Goal of the exercise:
Please write out the whole listing that follows exactly; the pictures stay out.

Dataset section:
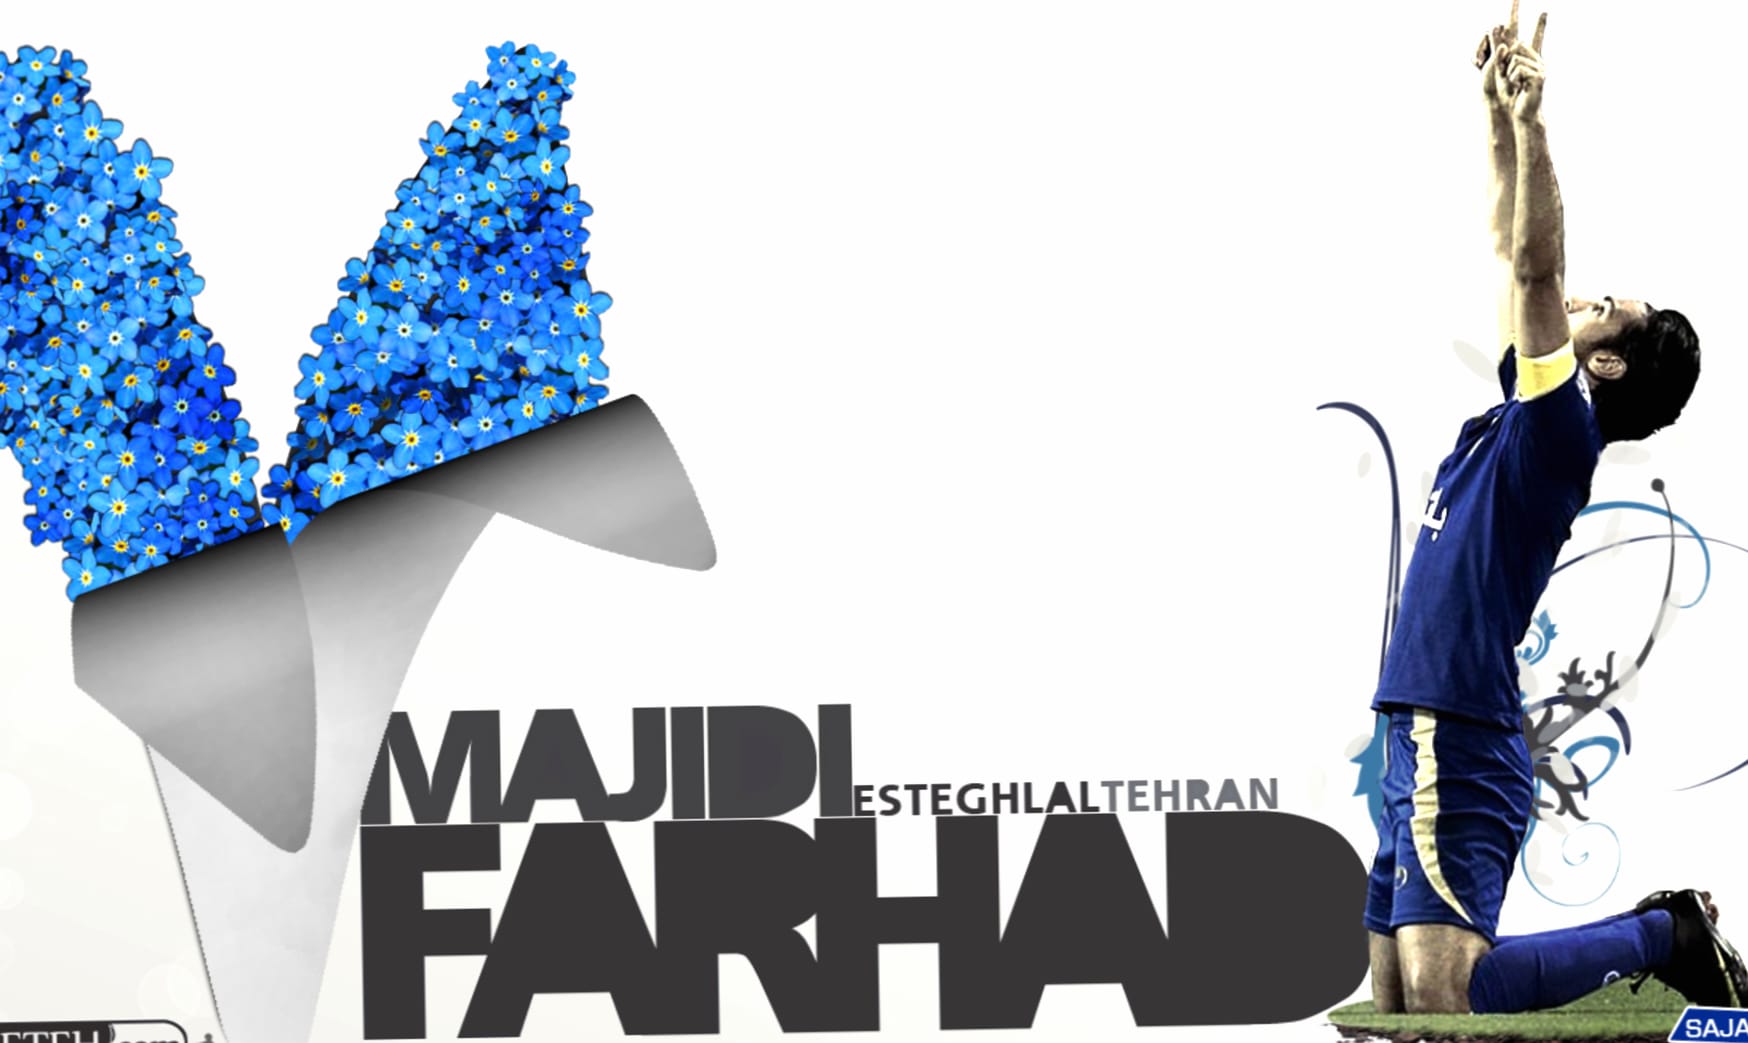 Farhad Majidi at 1280 x 960 size wallpapers HD quality
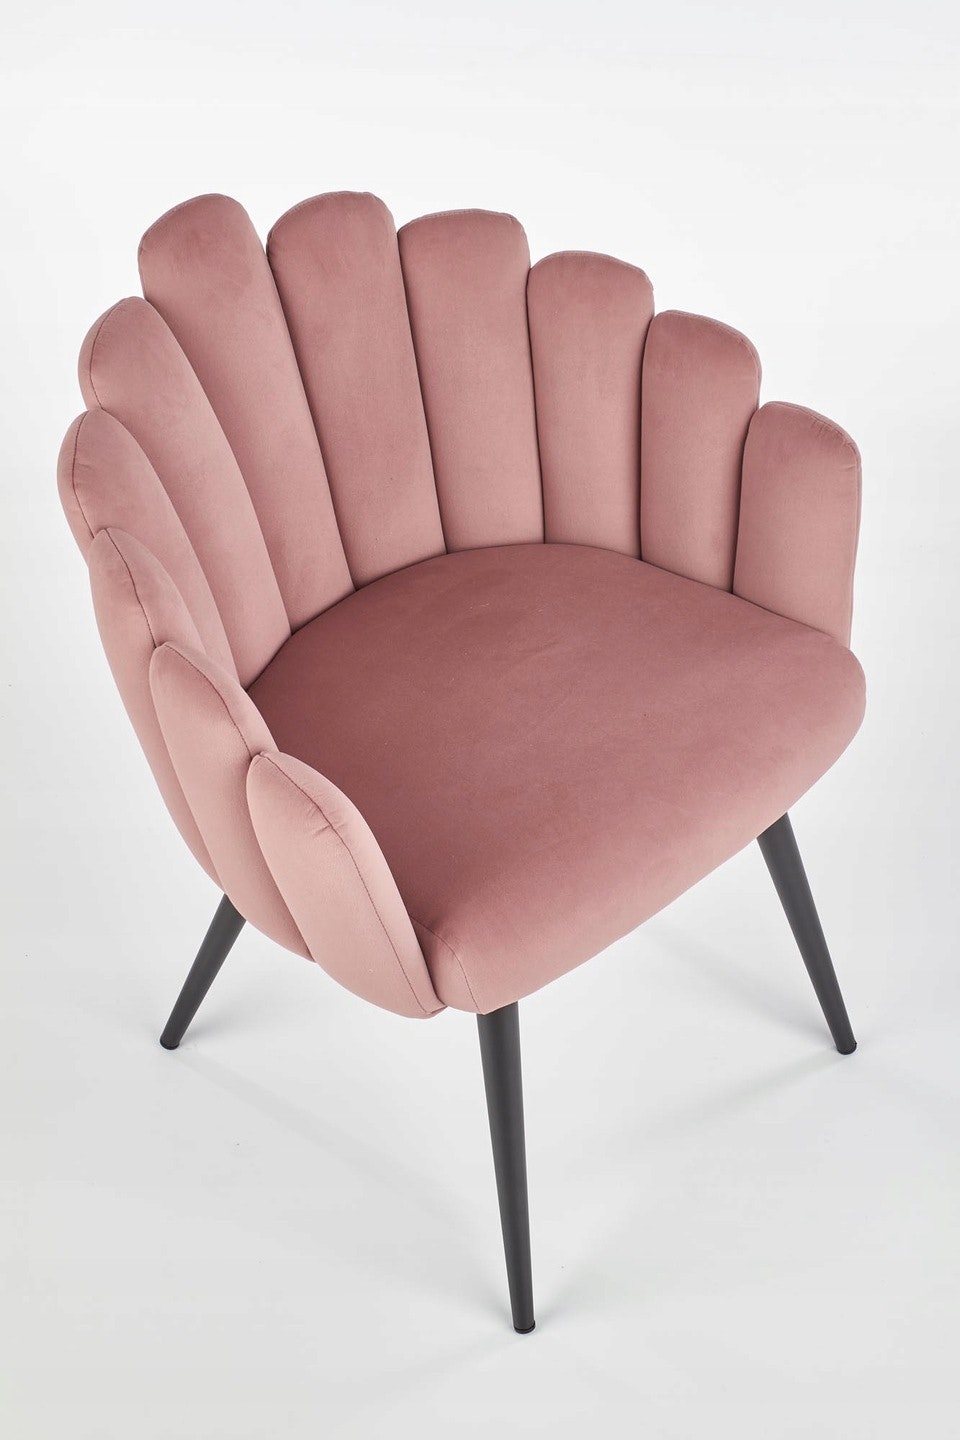 MODERN MATSTOL ROSA STOL - Mina Möbler - moderna och exklusiva möbler för  ditt hem.
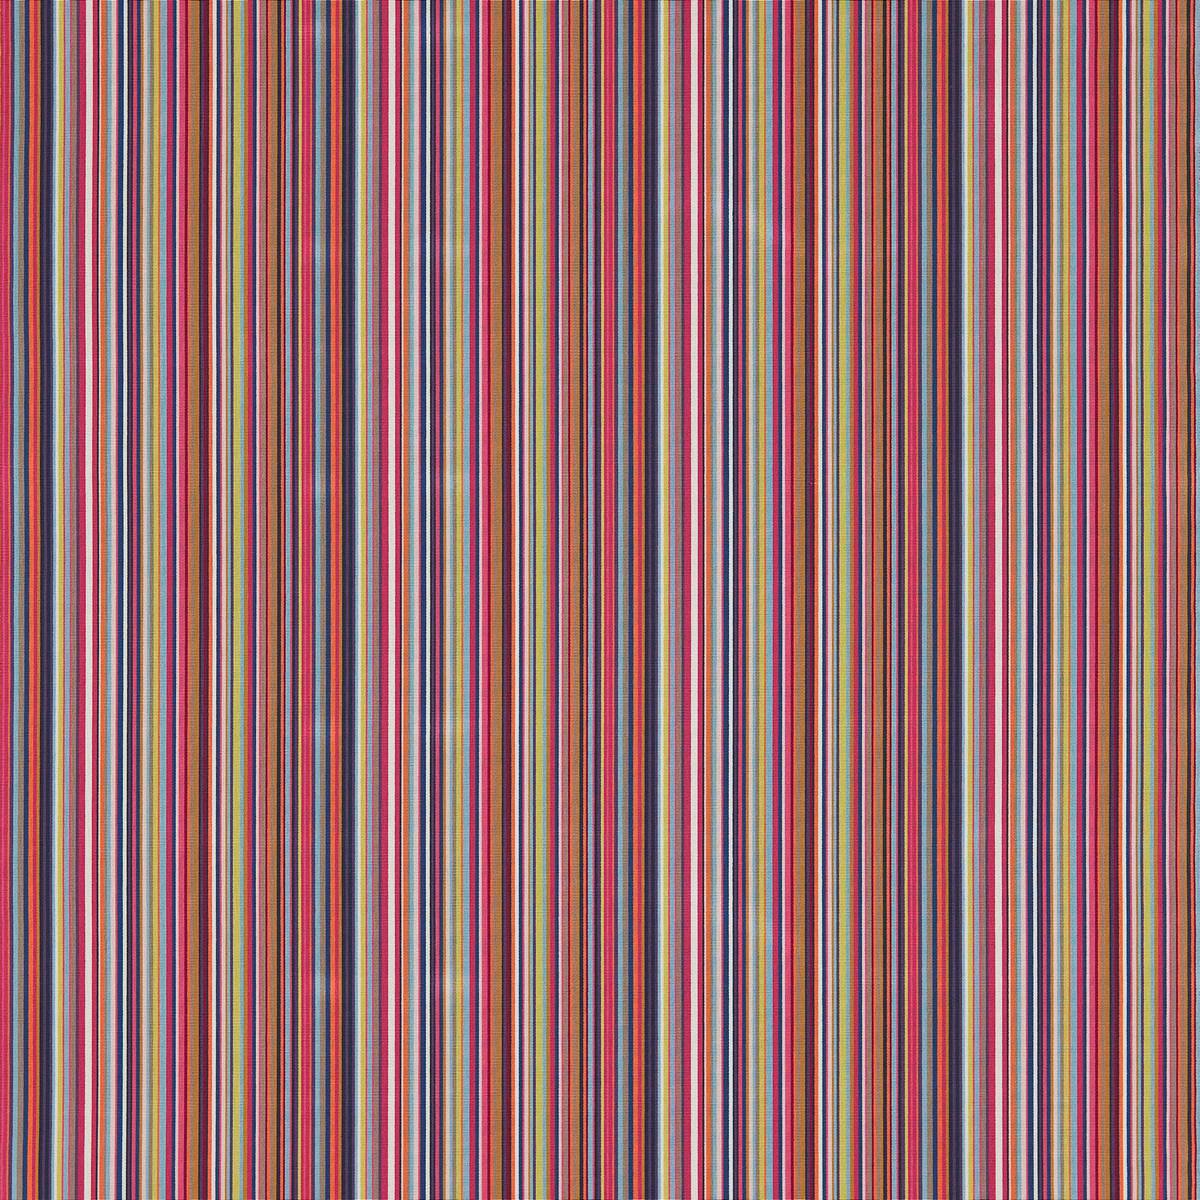 Zuri Cinnamon/Raspberry/Indigo Fabric by Harlequin
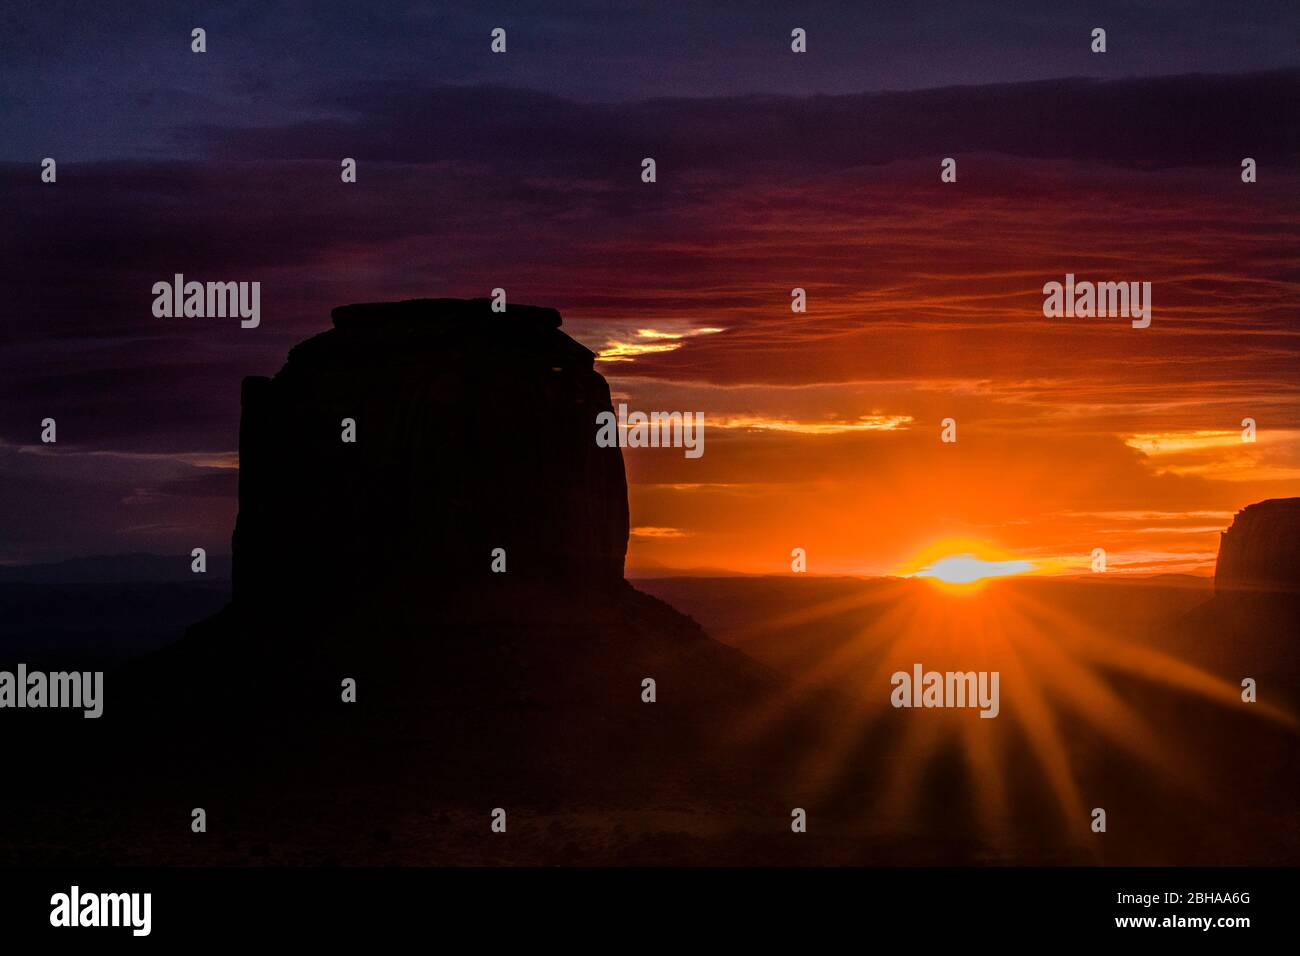 Le formazioni rocciose di Mittens butte nel deserto al tramonto, Monument Valley, Utah, USA Foto Stock

Exercise result:
 Farhad Majidi at 1280 x 960 size wallpapers HD quality
 MODERN MATSTOL ROSA STOL - Mina Möbler - moderna och exklusiva möbler för  ditt hem.
 Zuri Cinnamon/Raspberry/Indigo Fabric by Harlequin
 Le formazioni rocciose di Mittens butte nel deserto al tramonto, Monument Valley, Utah, USA Foto Stock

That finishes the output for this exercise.